The wide intersection shows a distinct grade variation with higher grades associated with the hangingwall and footwall contacts within a +3% envelope.
The hangingwall position averaged 3 metres at 4.24% copper and the footwall position averaged 4.27 metres at 4.07% copper.
It is interpreted that the Thaduna mineralisation splits between a single structure and two structures and THDD226 has intersected close to the bifurcation point and thus the wide zone with two distinct higher grade zones.
Three phases of testwork have been completed.
The initial program was to determine the amenability of the ore to flotation, the optimum grind size and appropriate reagents. The second program was a more detailed test at the varied grind sizes over different vertical geological zones. The third test program was to test the amenability of the shallow zones to leach testwork.
Rougher optimisation test work to date suggests that a fine grind is not necessary with a 75μm grind size yielding 91.9% recovery while a finer 45μm resulted in 93.2% recovery.
It has also been determined that although the mineralogy responds well to expensive flotation reagents, comparable results were achieved with cheaper xanthate based collectors.
The combination of these two parameters will result in significant operating cost savings.
Leach testwork near surface has also been completed which indicates that near surface ore is also amenable to leaching with a recovery of between 60% to 90%, down to a depth of 70 metres where chalcocite becomes the dominant copper source.
This has found that while there are some oxide copper minerals near surface there is a predominance of copper sulphide minerals which are very amenable to flotation.
It is planned to undertake further sequential copper analysis on the laboratory pulps for all intersections above 200 metres vertically at both Green Dragon and Thaduna. This will result in better metallurgical modeling for the Bankable Feasibility Study.
Future BFS work will include diamond drilling to gain samples for additional metallurgical testwork.
This will target near surface positions to be able to better define the treatment route of ore mined from a potential open cut. Flotation optimisation testwork will be focused refining the following parameters:
- Rougher grind size: Work to date indicates recovery is not significantly impacted by a coarser upfront grind;
- Cleaner grind size: All cleaner tests to-date have been re-ground to 20μm. If regrinding is not required it will result in operational and capital cost savings; and
- Definitive reagent suite: Work to date has identified that a simple low cost reagent suite is required.
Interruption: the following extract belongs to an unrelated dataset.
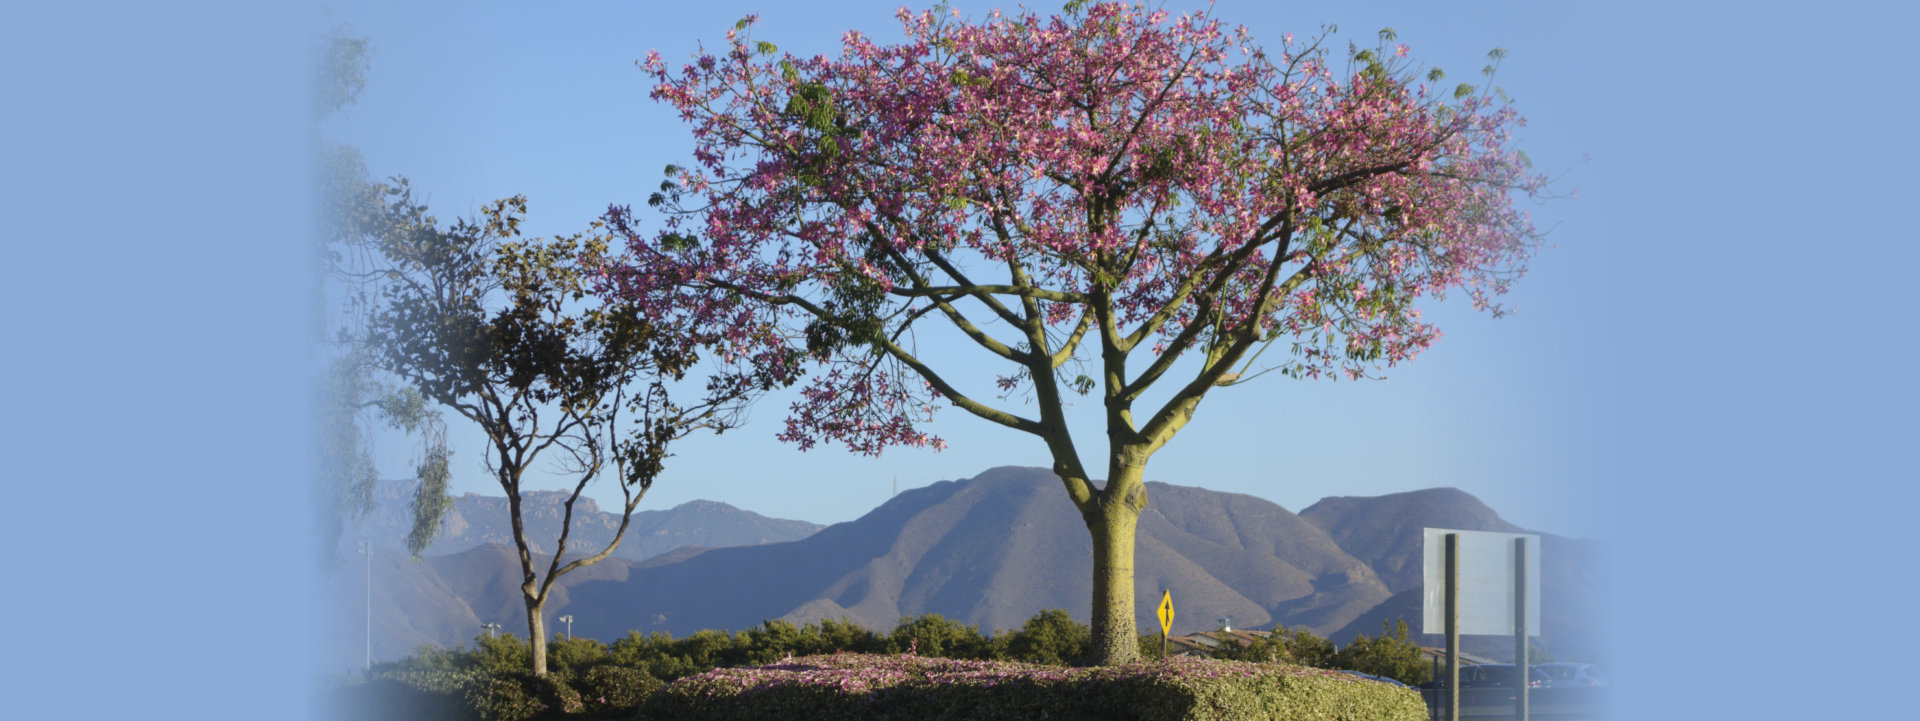 ceiba speciosa or floss silk tree

Thaduna/Green Dragon is located in the Doolgunna district of Western Australia and has a current Resource of 142,000 tonnes of contained copper and 945,000 ounces of contained silver.
A Bankable Feasibility Study is currently underway and is scheduled for completion in the September quarter 2013.
This will focus on detailed mine planning, metallurgical testwork, processing options, confirmed contract rates and operating cost reduction initiatives.
The Scoping Study completed in February had indicated the project will deliver attractive economics with capital expenditure estimated at $70 million and the average operating expenditure expected to be around $1.75 per pound.
This is based on a mine that will produce 15,000 tonnes of contained copper per annum over a 10 year mine life, with high recoveries and concentrate value.
The extension of the high grade copper zone below the current Green Dragon and Thaduna resource is a positive for Ventnor Resources, giving it the option to expand the project beyond the original open pit with underground mining.
Testwork has also been encouraging with indications that regrinding may not be necessary for good recoveries. This and the requirement for a simple, low cost reagent, will result in cost savings for the project, increasing its attractiveness.